Carol agarraba la taza con ambas manos, se quedó callada mirando el líquido negro de su interior. Parecía que estaba pensando en lo que iba a decirle.
—Tara, la verdad es que es una decisión muy personal.
—Lo sé.
—La organización de Igor cada día está más debilitada. Él está en busca y captura por robos, estafas, blanqueo de dinero, tráfico de mujeres… Pero no lo encontramos. Estoy convencida de que, aun así, en cuanto Gael pise la cárcel van a terminar el trabajo que no pudieron finalizar. Hasta él mismo lo sabe.
—No quiero irme de aquí —murmuró Tara.
—¿Es por ese hombre? ¿Damyan?
Tara bajó la mirada y asintió con la cabeza. Carol cogió sus manos intentando reconfortarla.
—Me da miedo quedarme y que haga algo a mis amigos… o a Damyan.
—Sinceramente, no creo que sea así, pero ya sabes que no te lo puedo confirmar con seguridad. Estaré al tanto de todo lo que le ocurra. De hecho, tengo a compañeros informándome de los progresos de ese hijo de puta.
Tara miró a los intensos ojos azules que tenía aquella mujer con la que siempre se había sentido segura. La que en una ocasión le había salvado la vida.
—Bien, entonces creo que no me iré. No quiero seguir viviendo con miedo.
—De acuerdo, te mantendré informada y tú me tendrás que ir diciendo qué tal te va con ese hombre que ha hecho que te derritas. Eso es algo difícil, eres una de las mujeres más duras que conozco —le guiñó un ojo.
—¡Qué exagerada!

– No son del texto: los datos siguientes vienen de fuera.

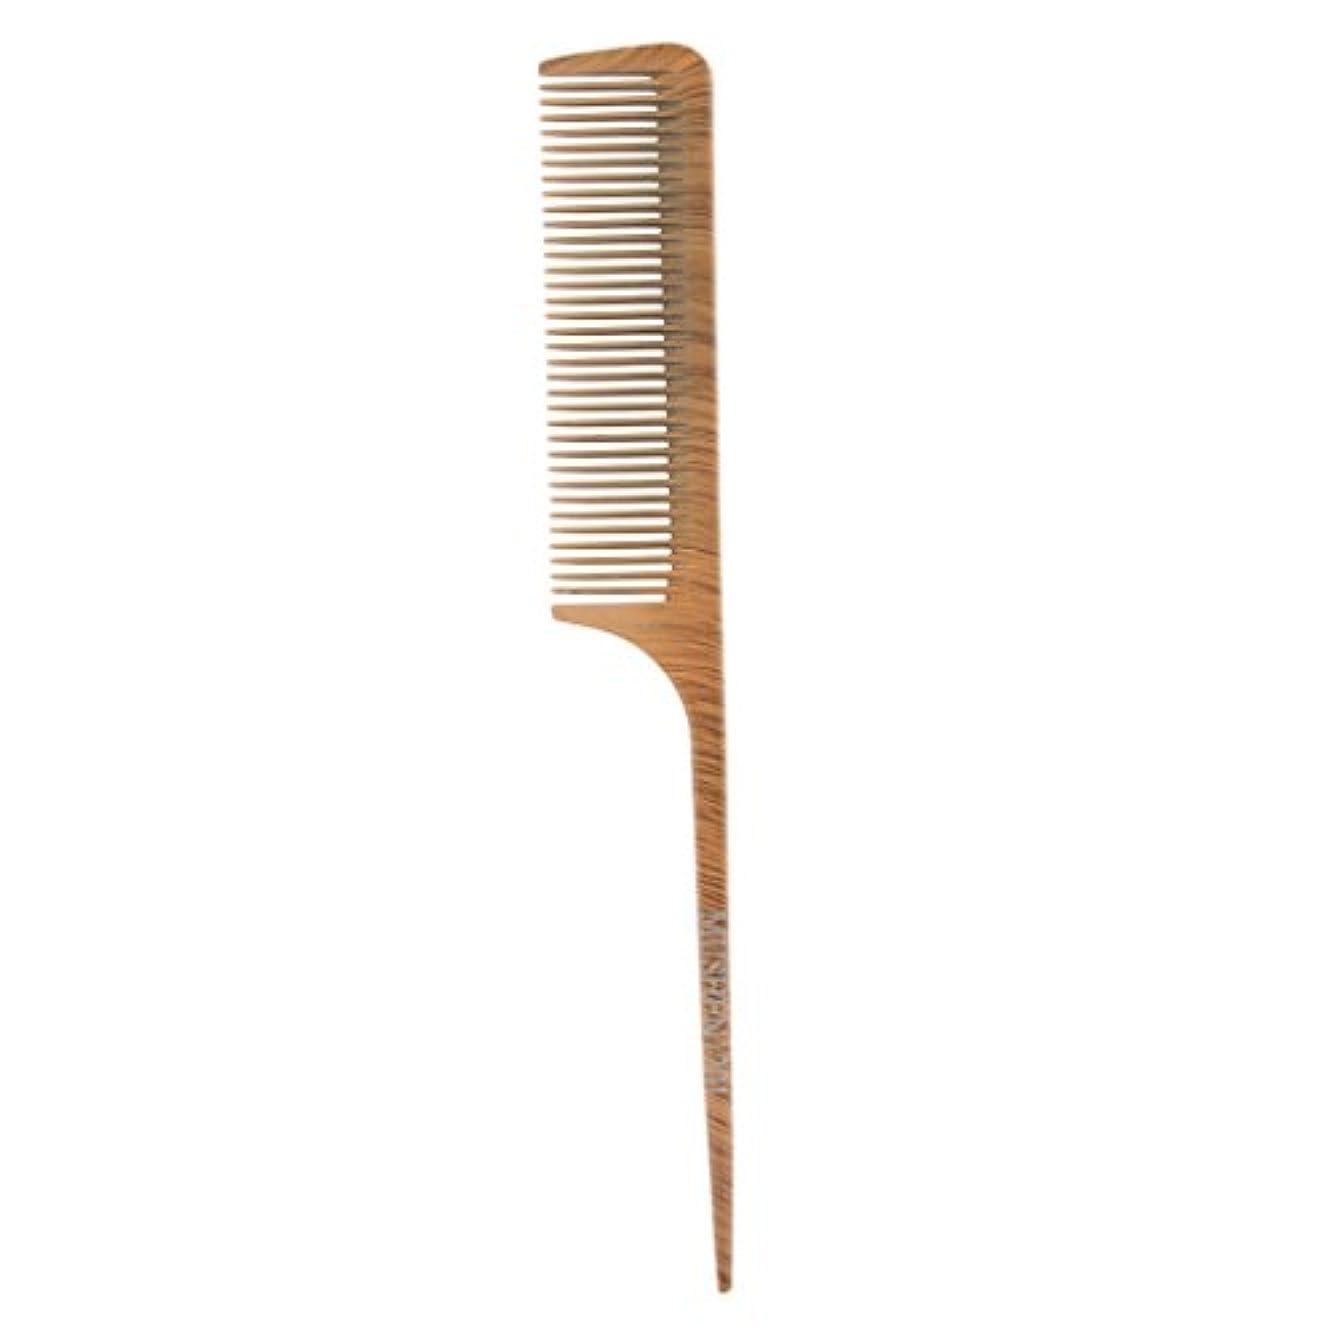 そうでなければスマッシュタバコKesoto ヘアコーム ヘアブラシ ヘアカットコーム ウッド 帯電防止 サロン 理髪師 ヘアケア 4タイプ選べる - 1201

Tú sí que eres dura.
—Y así me va.
Ambas se empezaron a reír. En ese momento llamaron al teléfono de Carol. Según iba escuchando al interlocutor al otro lado del móvil, su rostro fue cambiando hasta que se quedó pálida. Por su actitud, Tara sabía que algo malo había ocurrido.
—Gracias. Por favor, infórmame de cualquier novedad —dijo justo antes de colgar.
—¿Estás bien?
Carol se quedó callada y Tara intuyó que había sucedido algo que a su amiga le resultaba difícil contarle. Sin saber por qué, pensó en él.
—¿Gael? —preguntó en voz baja.
Carol asintió a la vez que le soltaba la bomba:
—Se ha escapado.
—Pero… ¿cómo es posible? —Tara se levantó de golpe de la silla y el tono de su voz aumentó—. Se supone que allí estaba vigilado. ¿Cómo coño se ha escapado?
Sacó dinero del bolso y lo puso encima de la mesa. Sin mirar atrás salió corriendo de la cafetería, sintiendo de nuevo aquella familiar sensación de ahogo. Carol la siguió y la vio apoyada en la puerta mirando hacia el cielo.
—Tranquila, Tara. Creo que lo mejor es que te acompañe a casa y que esta noche duermas en un hotel hasta que descubramos su paradero.
—Mierda. El muy cabrón está logrando que huya de nuevo.
Tara sentía rabia, miedo, frustración. No se podía creer que realmente estuviera ocurriendo aquello. Cuando por fin había decidido quedarse allí, el muy capullo se había escapado trastocando su mundo de nuevo. Tuvo el mismo sentimiento que hacía unos años, todos los recuerdos se agolparon en su mente. La huida, la pérdida de identidad, la incertidumbre. Algo que no quería volver a experimentar.
Finalmente accedió y se fue con Carol a su apartamento para recoger algo de ropa. Lo mejor sería dormir en un hotel. Tenía que pensar muy bien en las decisiones que iba a tomar.